A. There's a lot of exciting things in the pipeline of helping people to see as well as they can, because we both know people are living longer and we want to keep people independent vision-wise. In the field of glaucoma, there's new advances coming out of how we monitor the pressure of the eye. In the field of cataract surgery, there's always new advancements with the different types of artificial lenses that replace the cataract to help patients see even better than what they could before. Another exciting development is in the field of dry eyes—there’s some drugs out there, but there's other advances coming out of how we treat dry eyes in a completely different way. In the field of retinal macular degeneration, this can be a very blinding disease. Ohio State is involved in research to help slow the progression of it.

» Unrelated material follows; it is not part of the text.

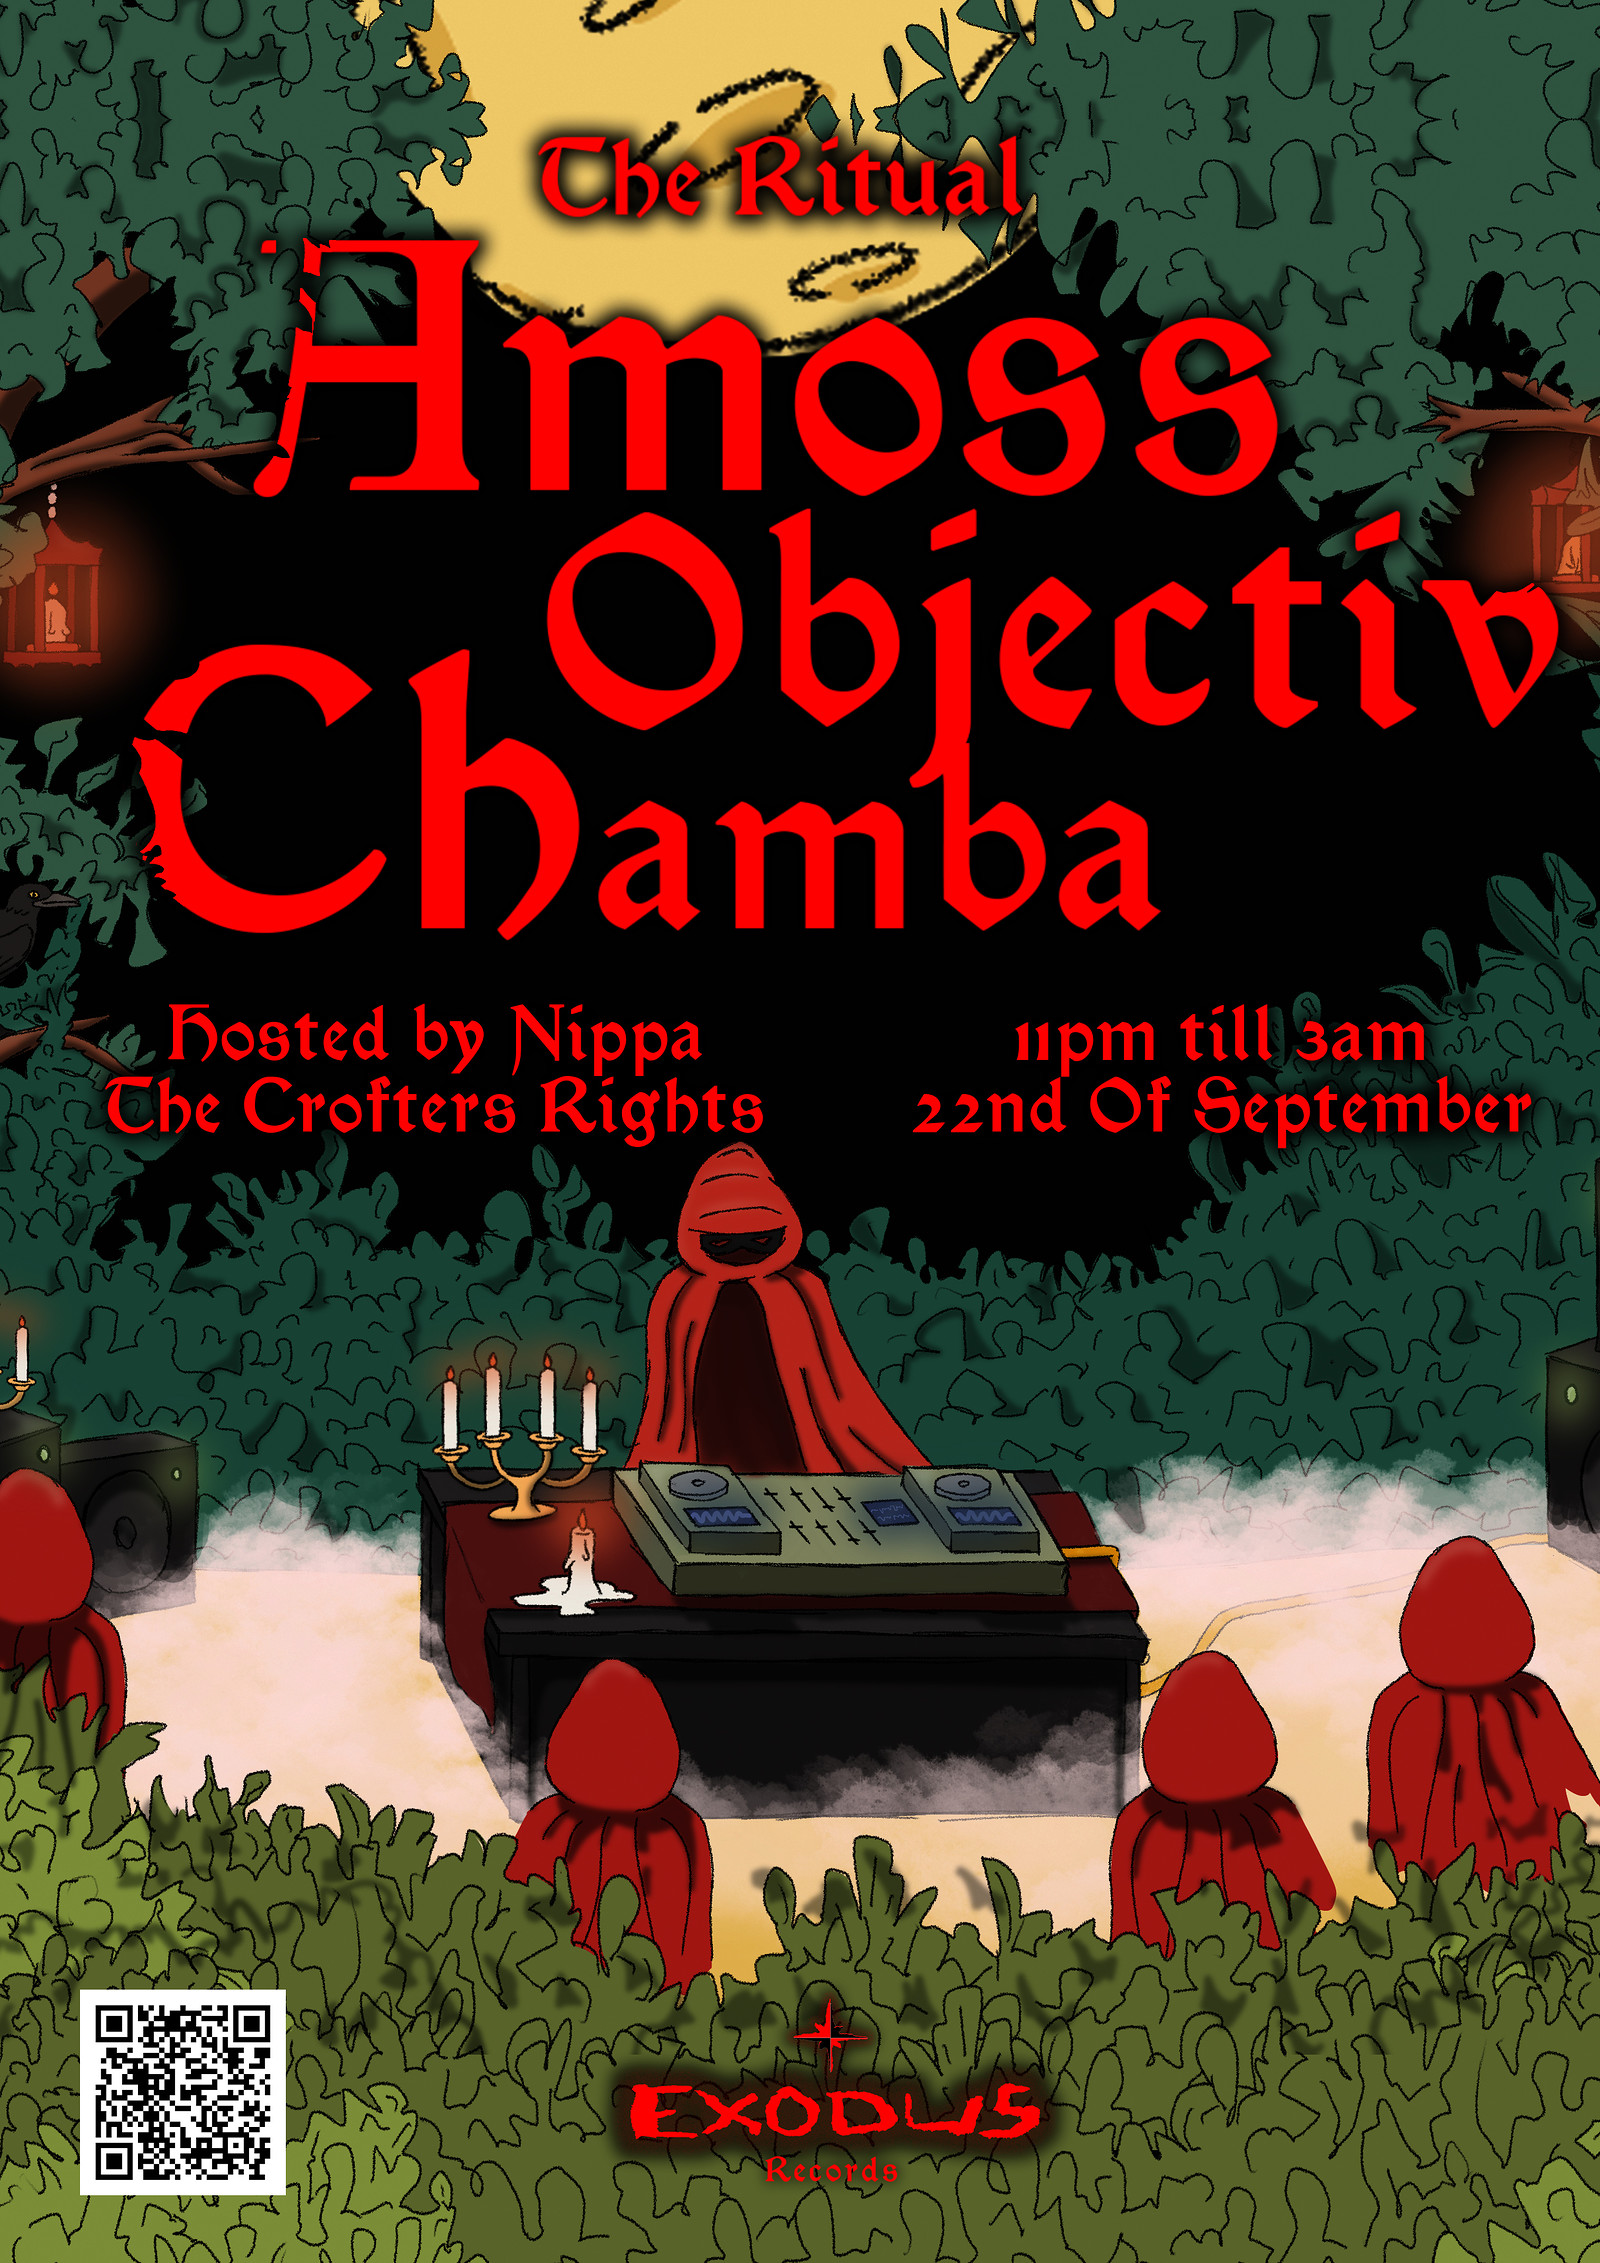 The Ritual - Amoss, Objectiv & Chamba at Crofters Rights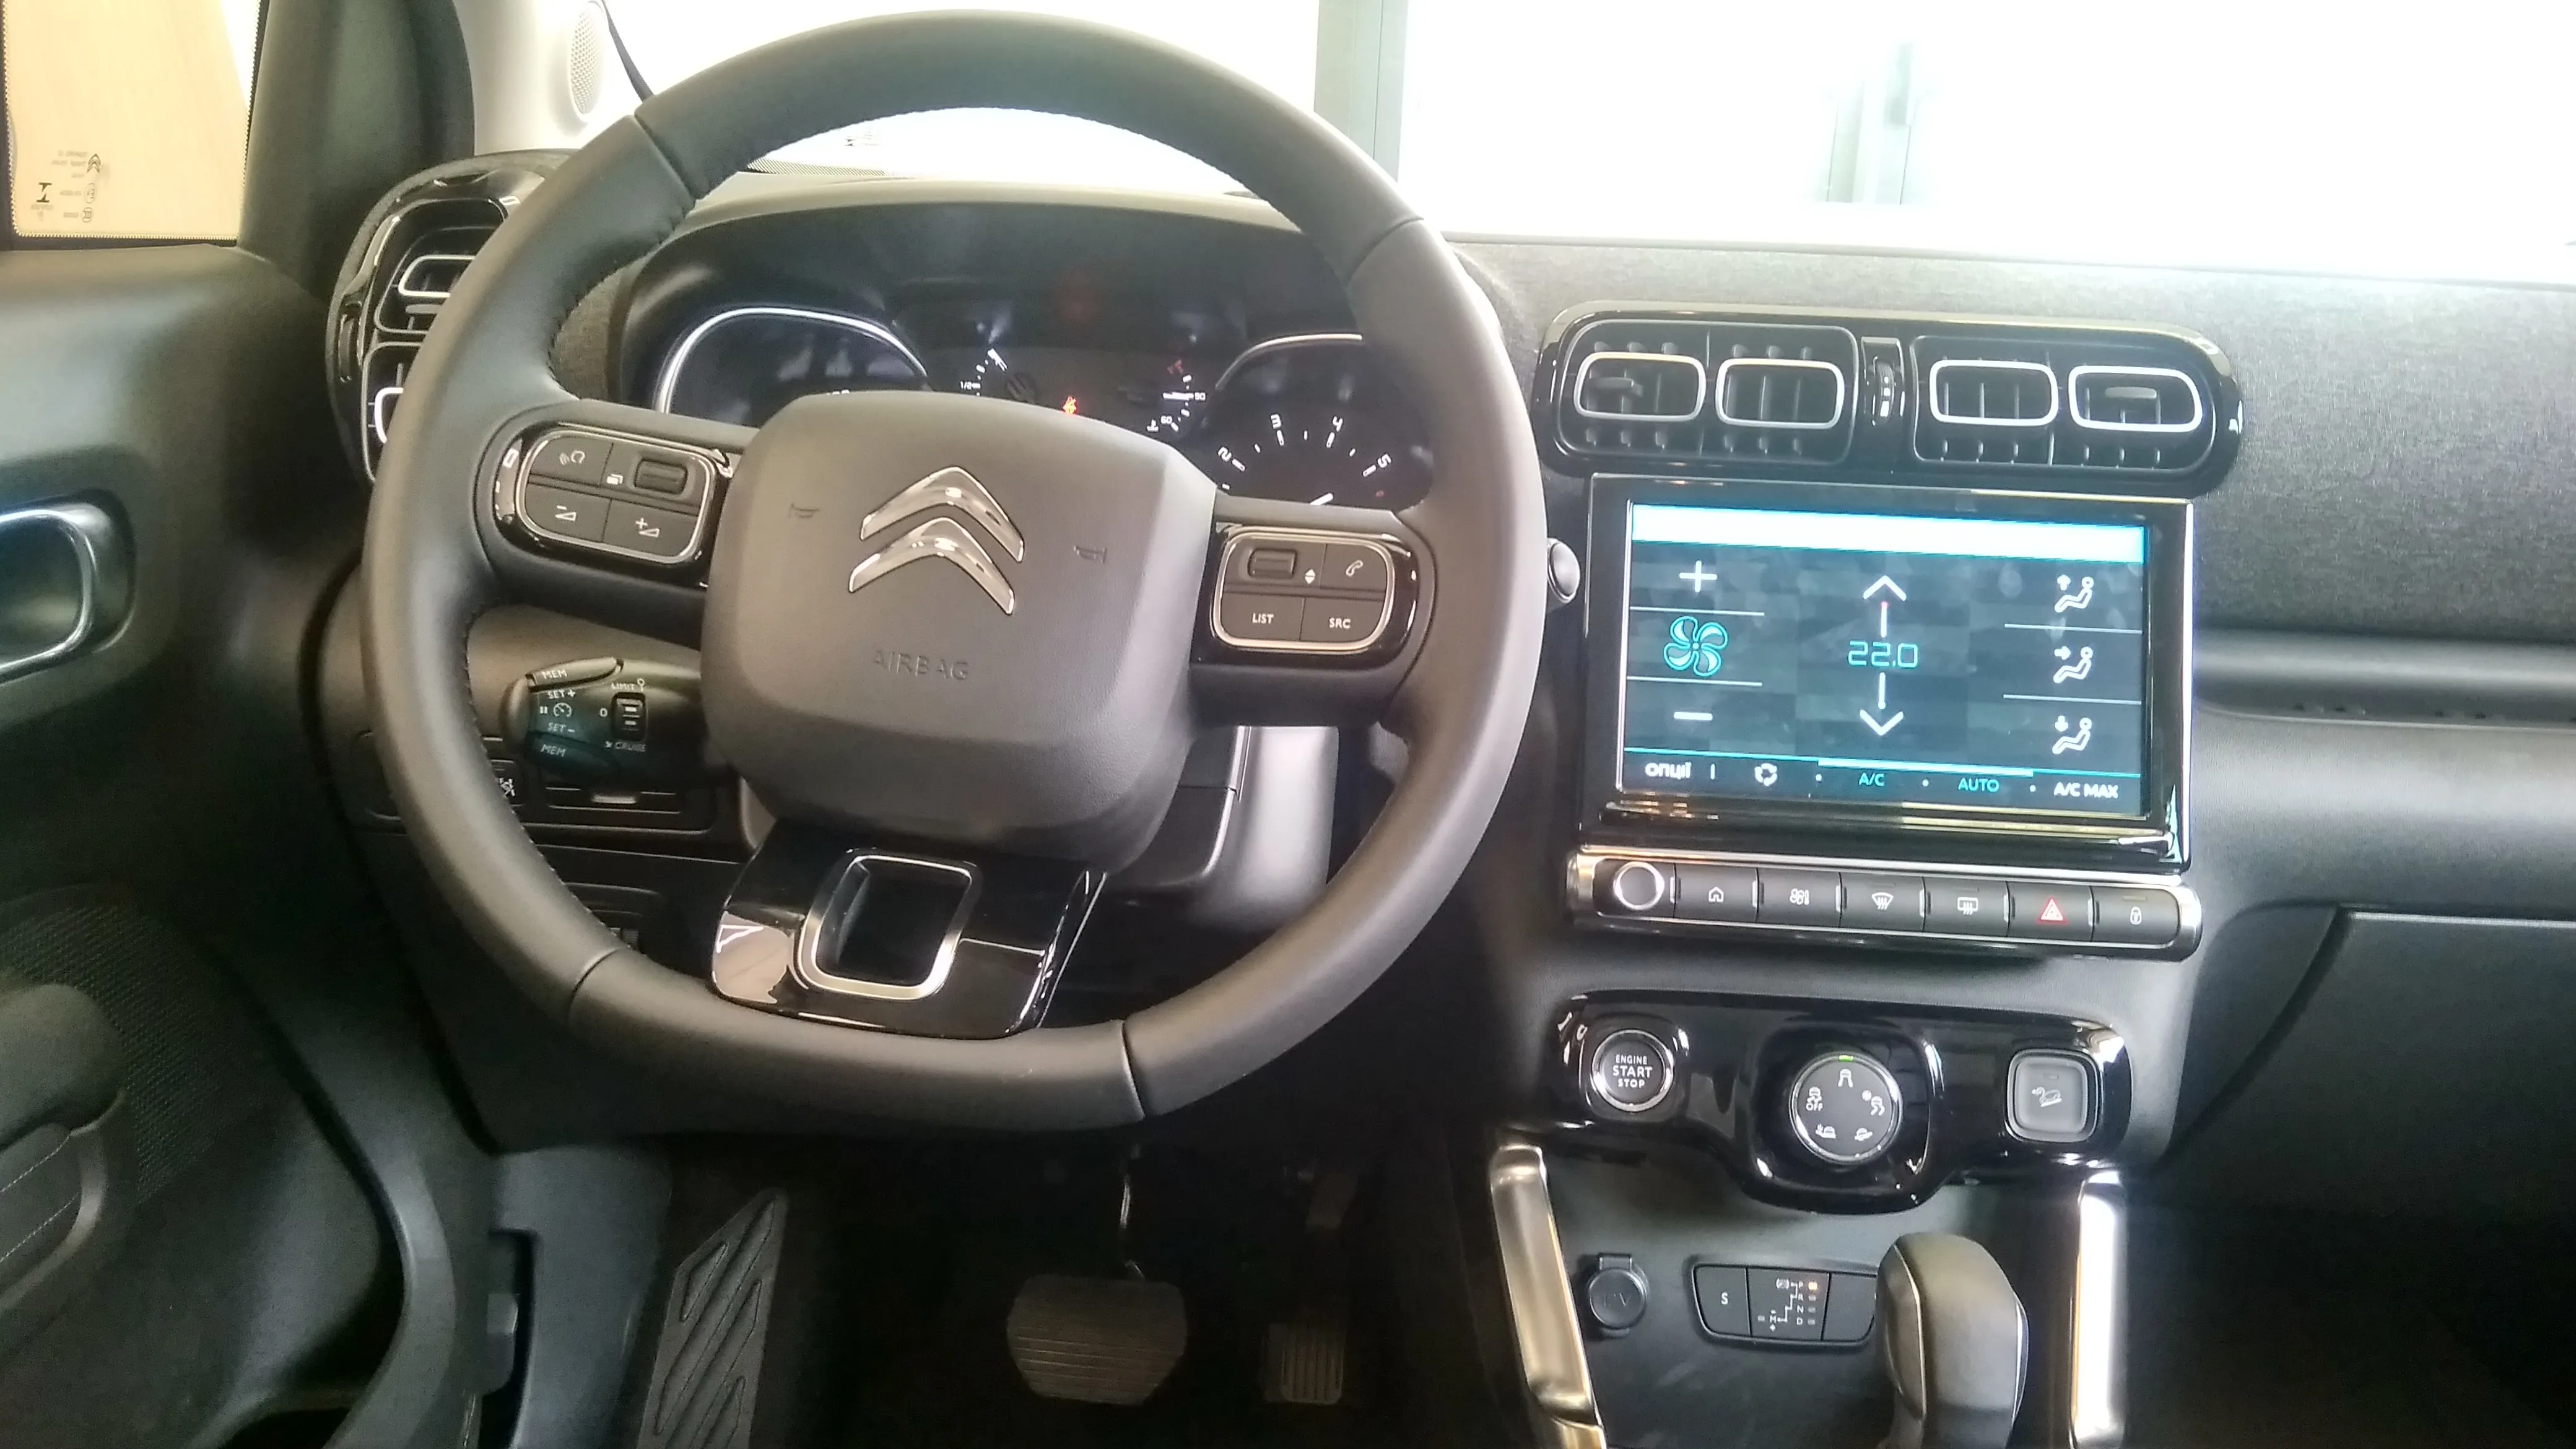 NEW С3 Aircross SHINE 1.2 PureTech Auto

So from the front of the eye to the very back of the eye, there's lots of innovation happening to improve lives through improving vision.
Q. Talk to us about the Superspecs prescription goggle program. How have you seen it impact those that you serve?
A. Thank you! Thank you for this, because you're saving vision. You really are. I have had some patients when I was in private practice—kiddos who had prescription goggles—and it meant everything to them being able to perform as well as they needed to perform and also have the protection of the eyes that they needed. It has had a tremendous impact.
Q. If someone suffers an injury on the field or for our friends in career tech who are welding or building or working with electrical, what are the steps they should take when they have an injury?
A. Seek medical attention right away because it could be anything—from something just got into the eye to a more serious thing if there's actual damage that needs treated. So that would be number one: seek medical attention right away. Got it?
Q. Here at Superspecs, we encourage kids to be super in everything they do. What advice would you give to them as they look to their futures? Any advice to those wanting to pursue careers in ophthalmology, or excel in their chosen fields?
A. I would say being as open-minded as you can. I mean, when I was a kid, I didn't even know that this field existed until someone I just happened to talk to was an ophthalmologist. But had I been close-minded or didn't think that I could do it or that it was something I wasn’t interested in, it would have changed my life. I would have been totally doing something else!
Be open-minded about different careers and what interests you. I think kids tend to not want to pursue different things because they're just unsure of it, but they just didn't ask any questions and you never know who will be your mentor. I still have mentors and people that I bounce things off of. So at any stage of life, you'll have mentors and that doesn't really stop. So just be open asking questions and you never know what relationship can develop out of that or what kind of avenue or opportunities that will afford you.
Lastly, just don't be afraid. If you want to shadow someone or you want to see something, don’t be afraid to ask and you never know! My dad was a UPS driver, and he'd always want people to tag along with him just to see what the job was like. And so I think if you are having that inquisitiveness about something you only will know if you get in there and shadow it. That experience that I had changed the course of my life in just one afternoon. So always keep that inquisitiveness about things and that will guide you in the right direction.